How To Use iPhone 4s : Easily the most important new feature of the fourth-generation iPhone was FaceTime, a foolproof way of making and receiving video calls. Unimaginable outside science fiction just a decade ago, mobile video calls offer a whole new type of communication – the downside being that it’s only possible to make or receive FaceTime calls using a recent iPhone (4 and later), iPod Touch (4 and later), iPad (2 and later) or Mac (OS X 10.6.6 or later).
Video calling required the addition of an extra camera lens on the front of the iPhone so that the user’s face can be captured without spinning the phone around and obscuring the screen. Best of all, because there’s a camera lens on the back too, it’s possible at the tap of a button to switch between the two views — one of you and one of your view.
Assuming FaceTime is switched on (you can check within Settings > Phone), then making a video call is as easy as tapping a button — though you’ll need to be on either Wi-Fi or 3G to do it. To initiate a video call, either:
- Tap the FaceTime button on a contact’s page in your contacts list.
- Make or receive a phone call in the usual way and then hit the FaceTime button on the call screen (pictured here).

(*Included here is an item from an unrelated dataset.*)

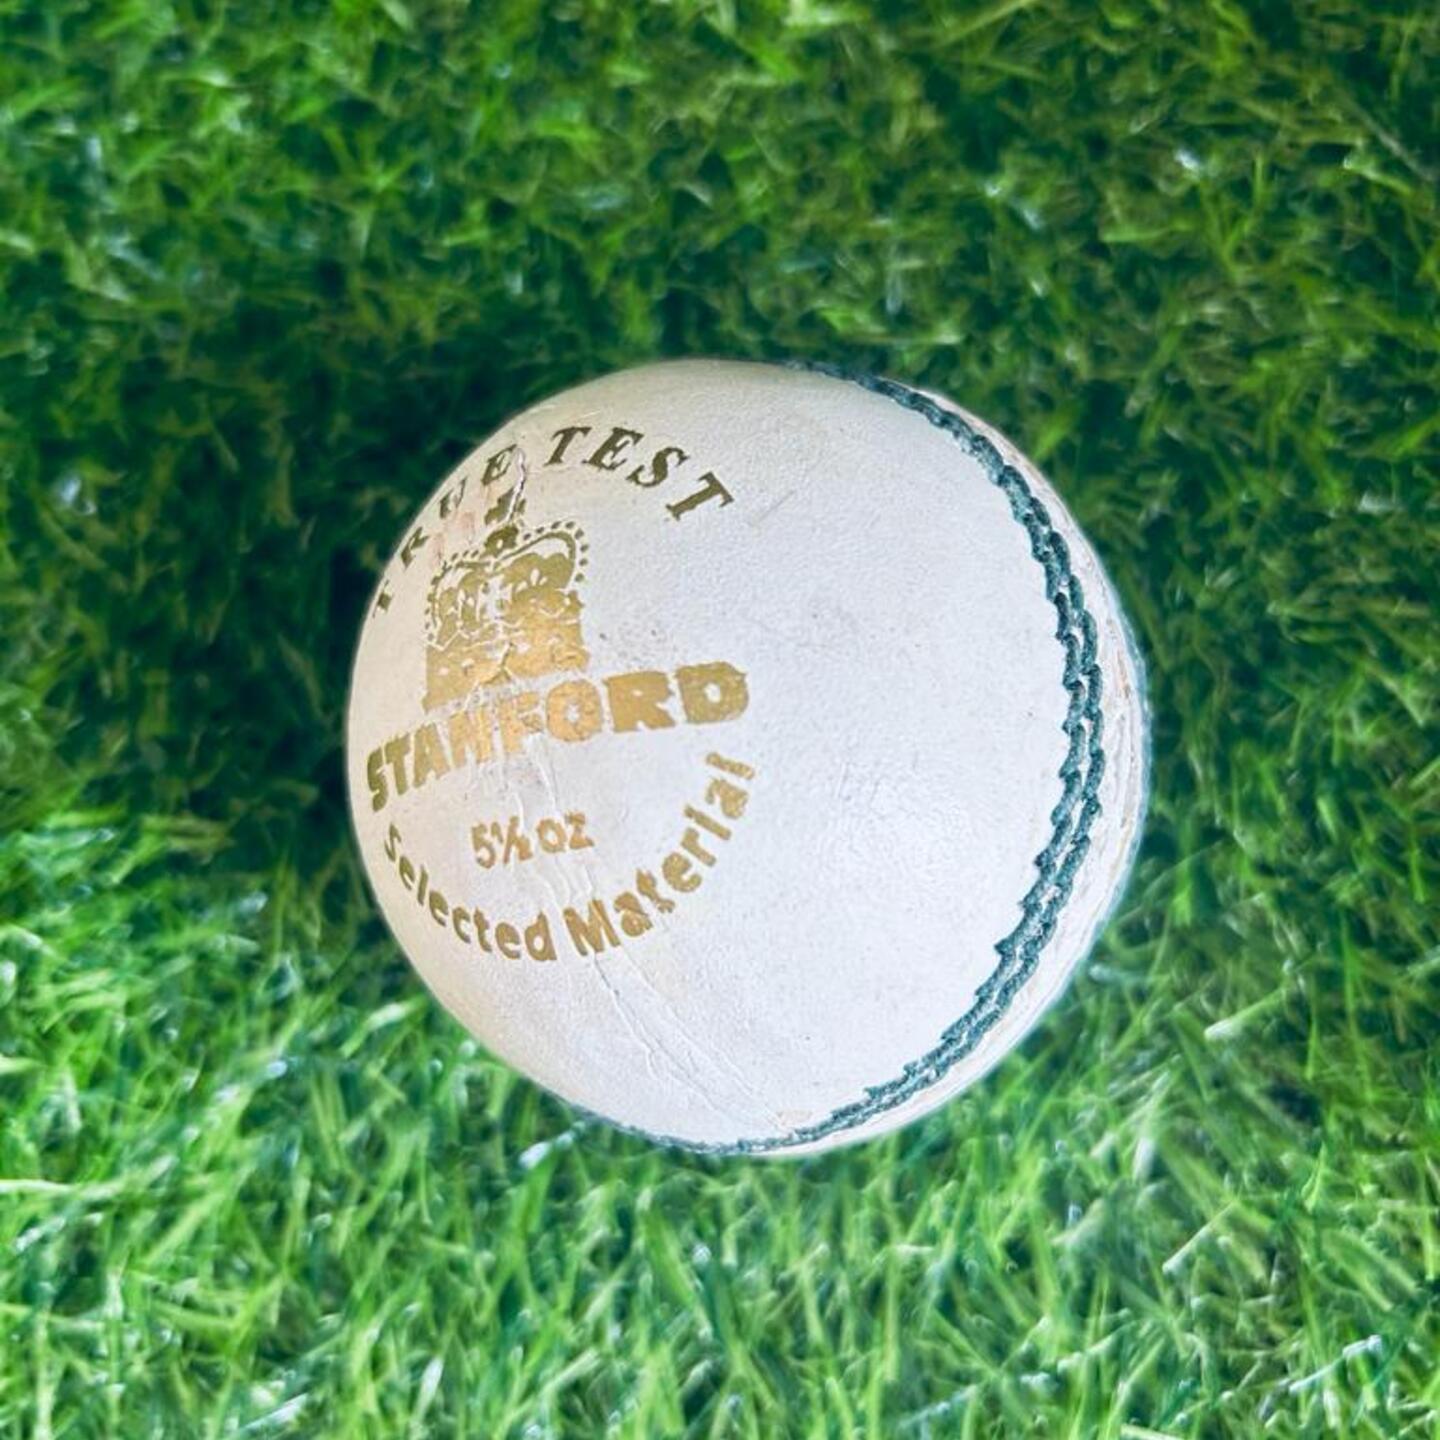 SF TRUE TEST LEATHER CRICKET BALL 4 PC.

Either way, the person you are calling will immediately receive a FaceTime invitation. If they accept, the video call will begin. During the call, each user can toggle between their iPhone’s two cameras using the “switch camera” icon located at the bottom-right of the screen that displays while you are using FaceTime.
Using FaceTime on Macs
FaceTime is also available as a 99?/69p download for Macs, enabling you to call friends, family and colleagues on their FaceTime-capable iPhones (4 and later models). You can also call Mac to Mac, if both computers have cameras and FaceTime installed – a similar experience to using Skype or iChat.
To use FaceTime, first download it from the Mac App Store. To make a call, choose a contact from the list. Then, to call that person’s iPhone, click their phone number; ‘to call their iPad, iPod Touch or Mac, click their email address.
On any iPhone since the 3G model, it’s possible to initiate a call using your voice – though it works best with Siri, which was introduced on the iPhone 4S.
- To call a contact Press and hold the Home button for around a second until the Voice Control screen pops up and you hear a double-beep. Then say “call” or “dial” followed by a contact’s name. You can add “home” or “mobile” if you know the contact has multiple numbers. If you don’t do this, your iPhone will next ask you to clarify which number you want.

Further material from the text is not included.